• WHAT TO PRODUCE
Start to finish, return the listing below exactly, pictures excluded.

• THE DATA
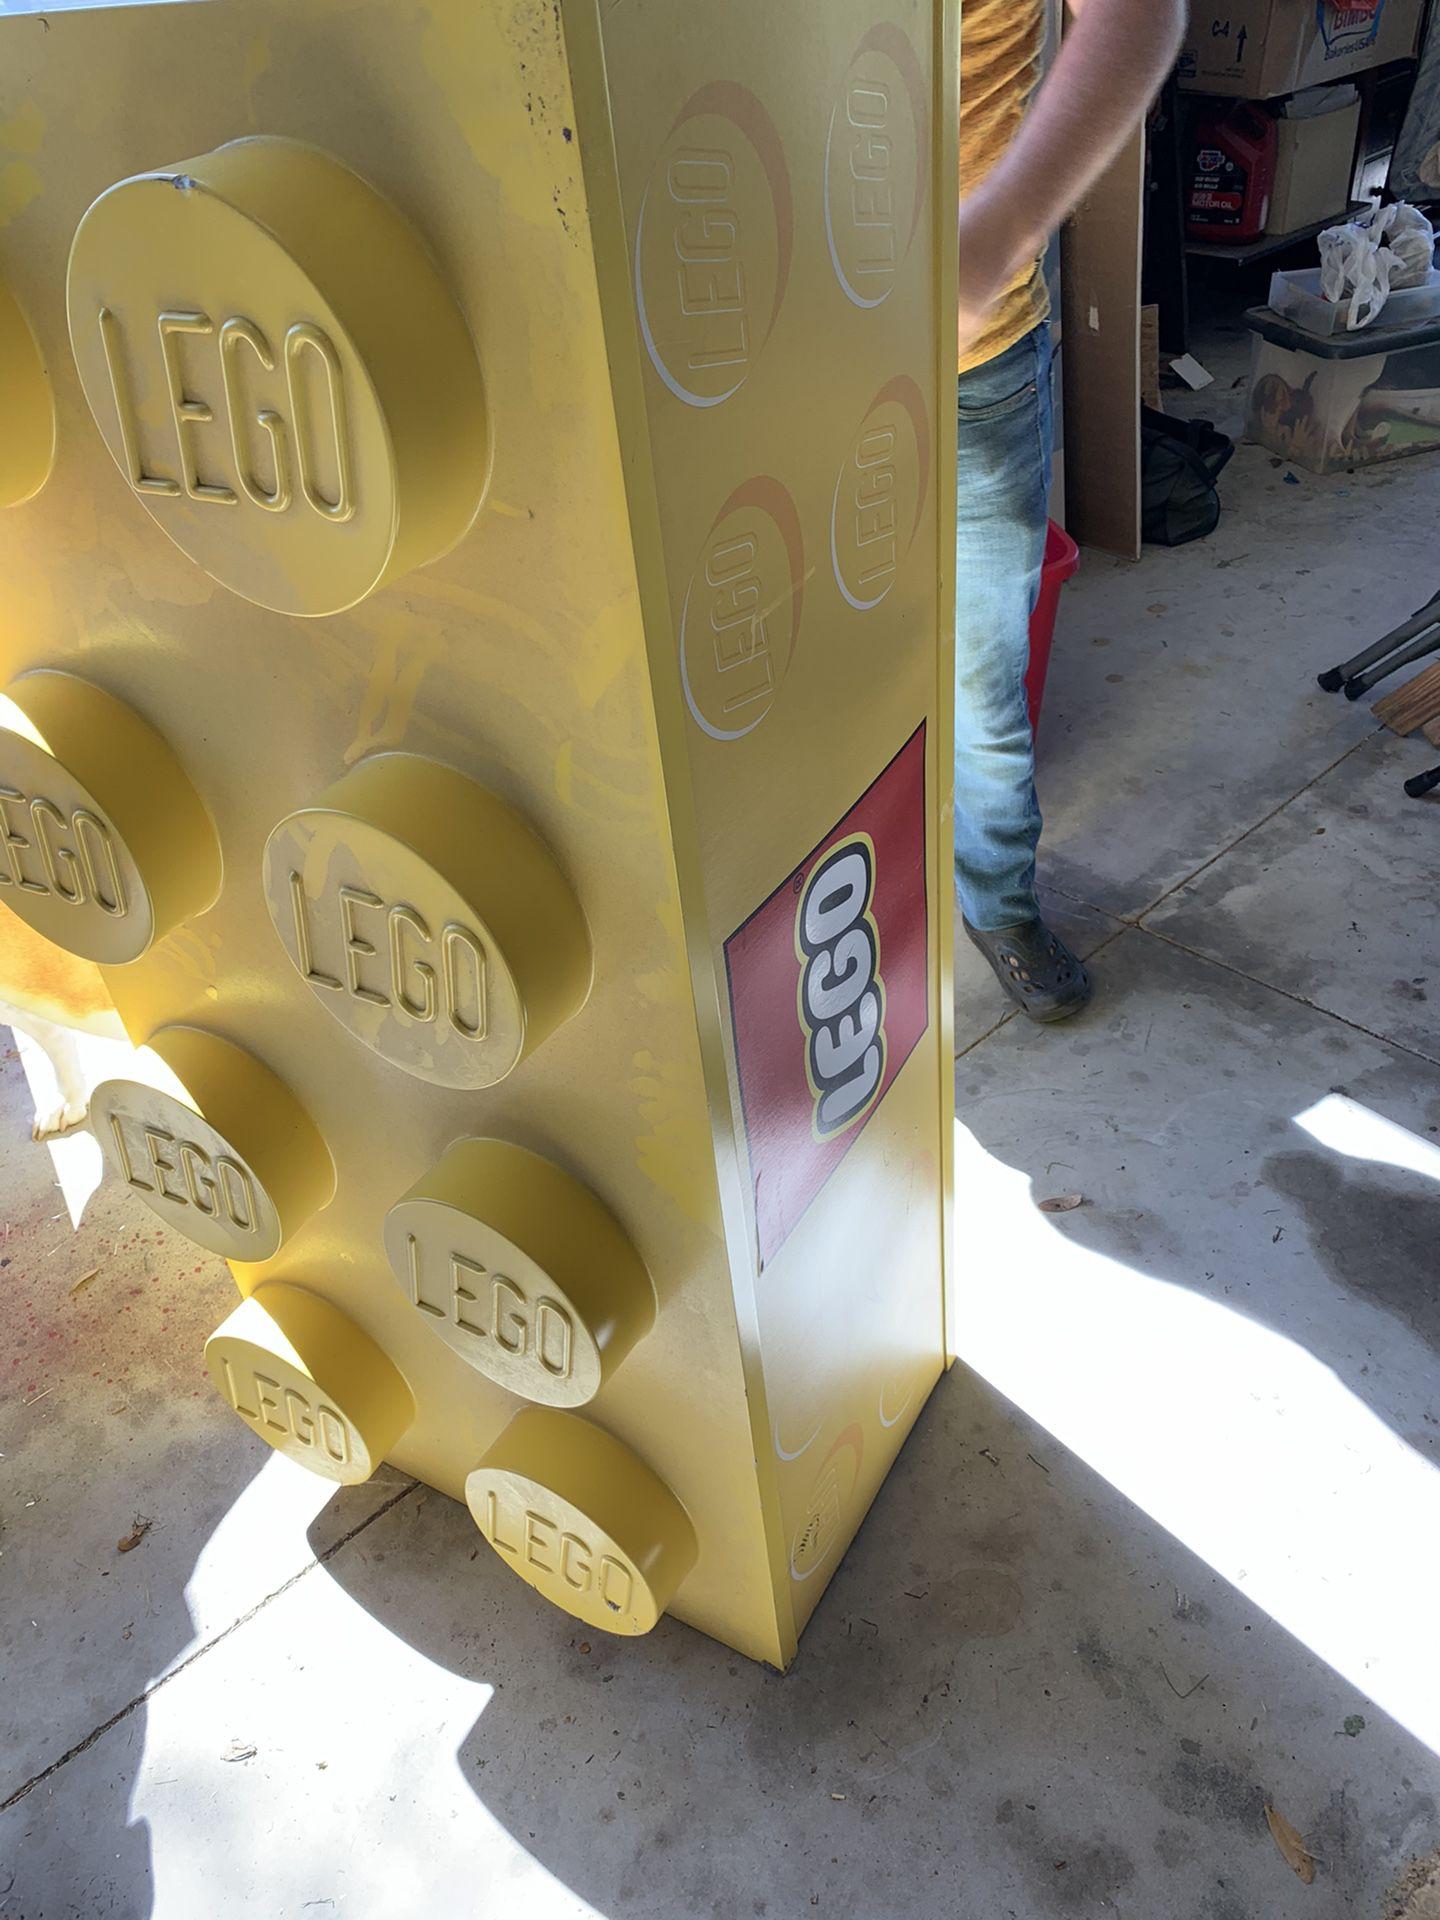 Leggo Display
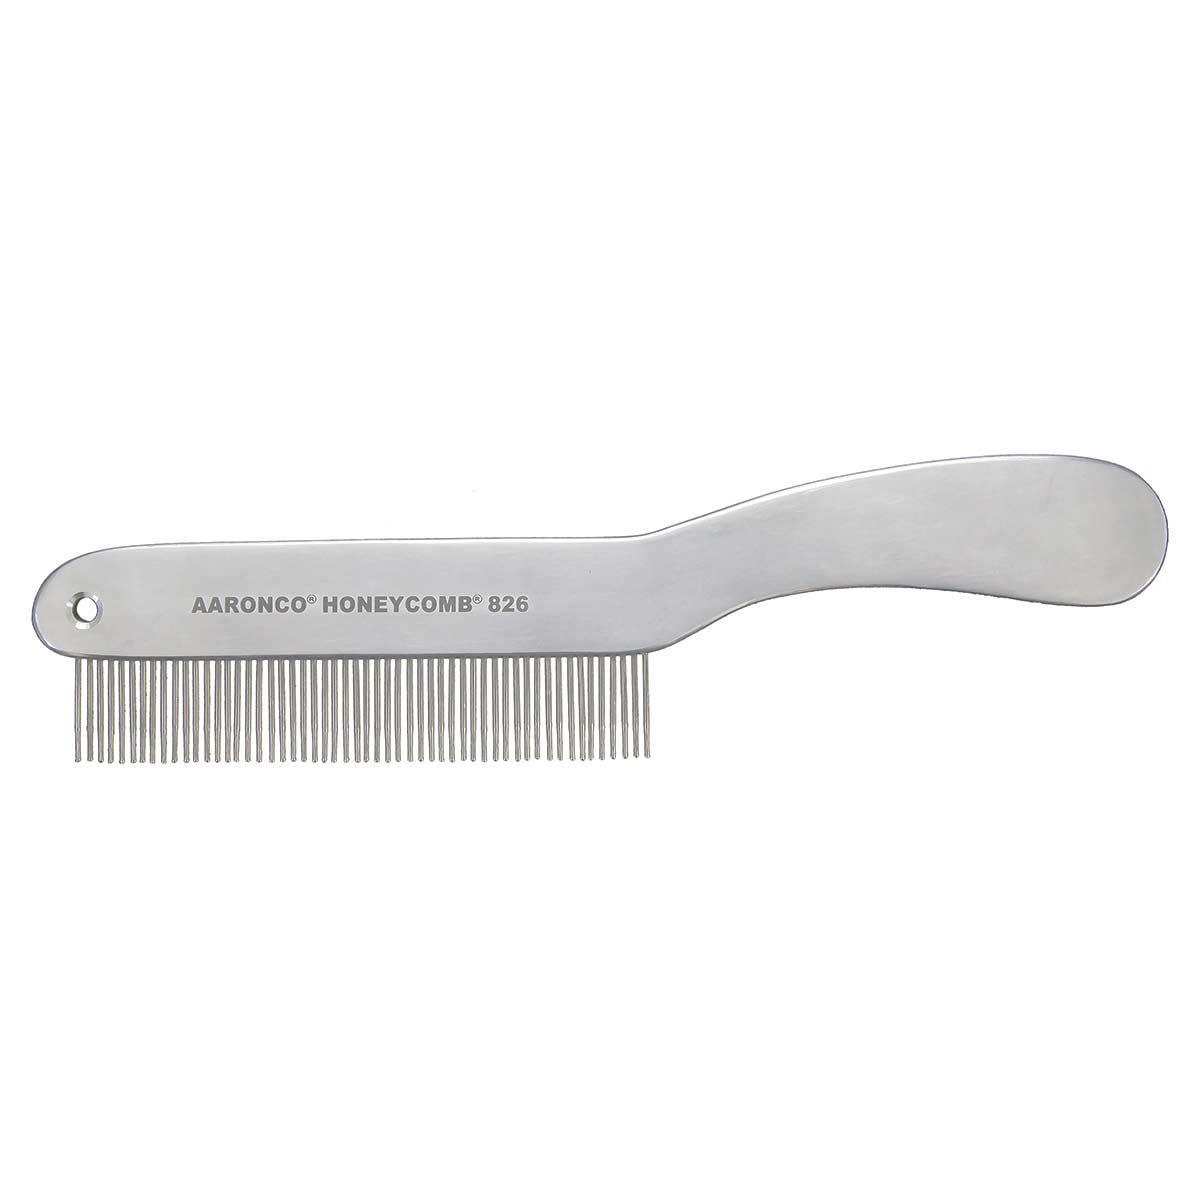 "Grooming Comb AARONCO HONEYCOMBS 8.5"" Short Hair 51 Medium Teeth ¾"" Long"
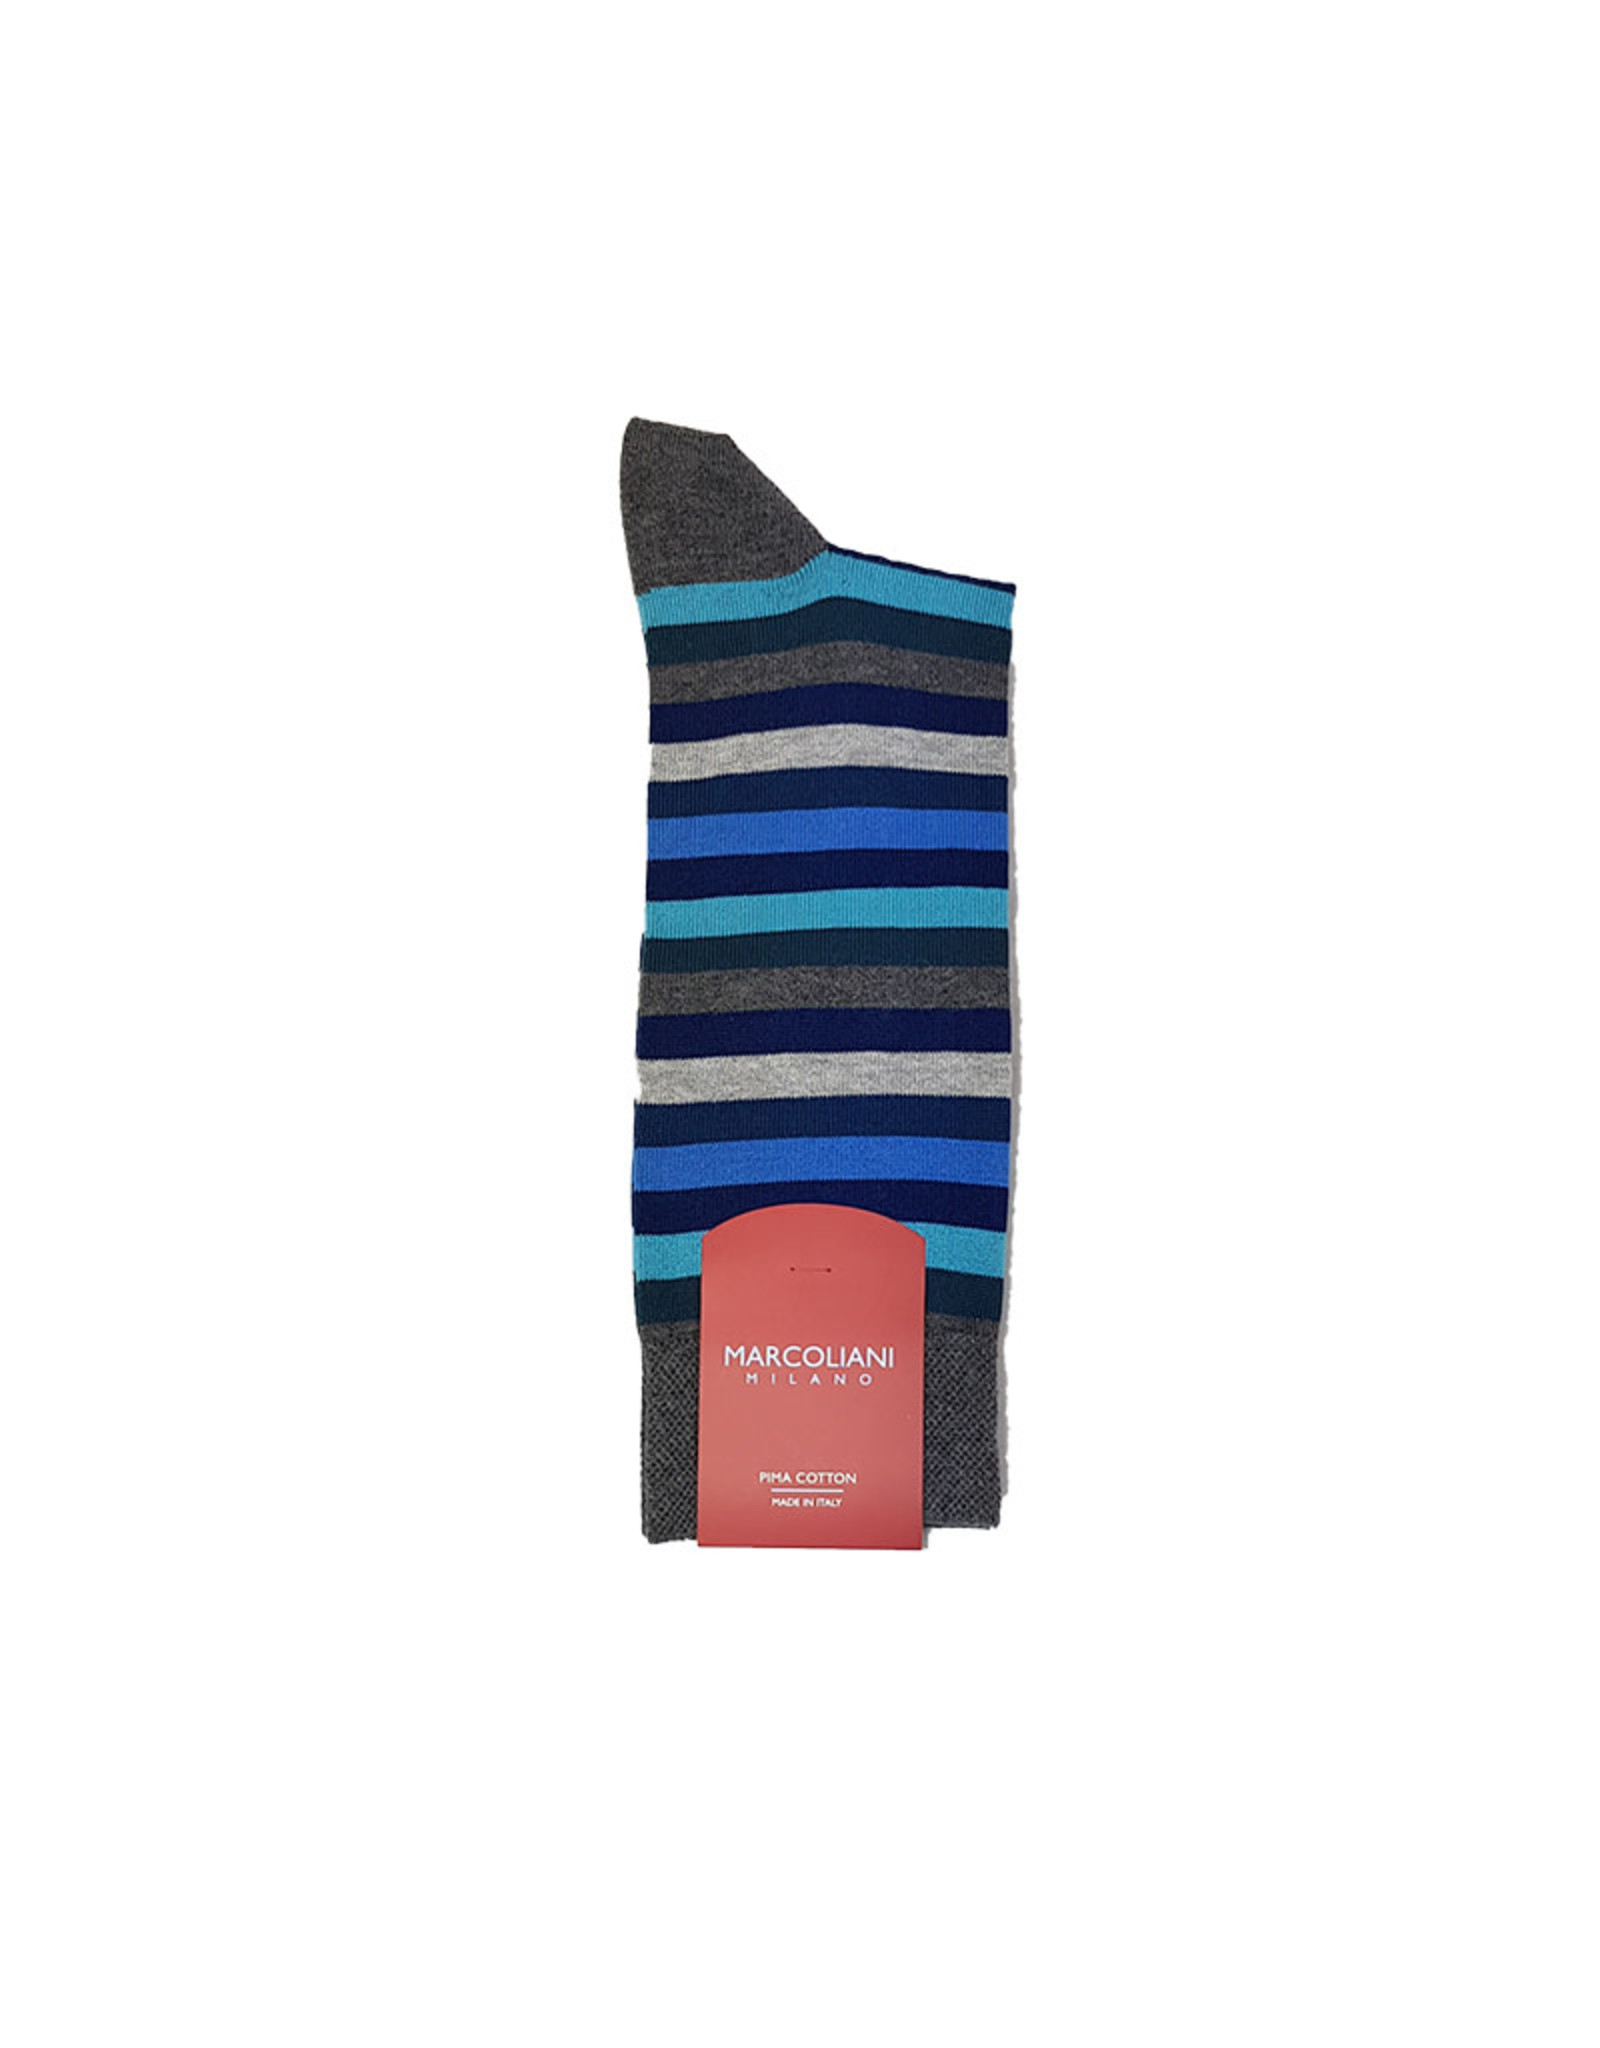 Marcoliani Marcoliani sokken blauw gestreept 4040T/501

• TASK RESULT
 Leggo Display
 "Grooming Comb AARONCO HONEYCOMBS 8.5"" Short Hair 51 Medium Teeth ¾"" Long"
 Marcoliani Marcoliani sokken blauw gestreept 4040T/501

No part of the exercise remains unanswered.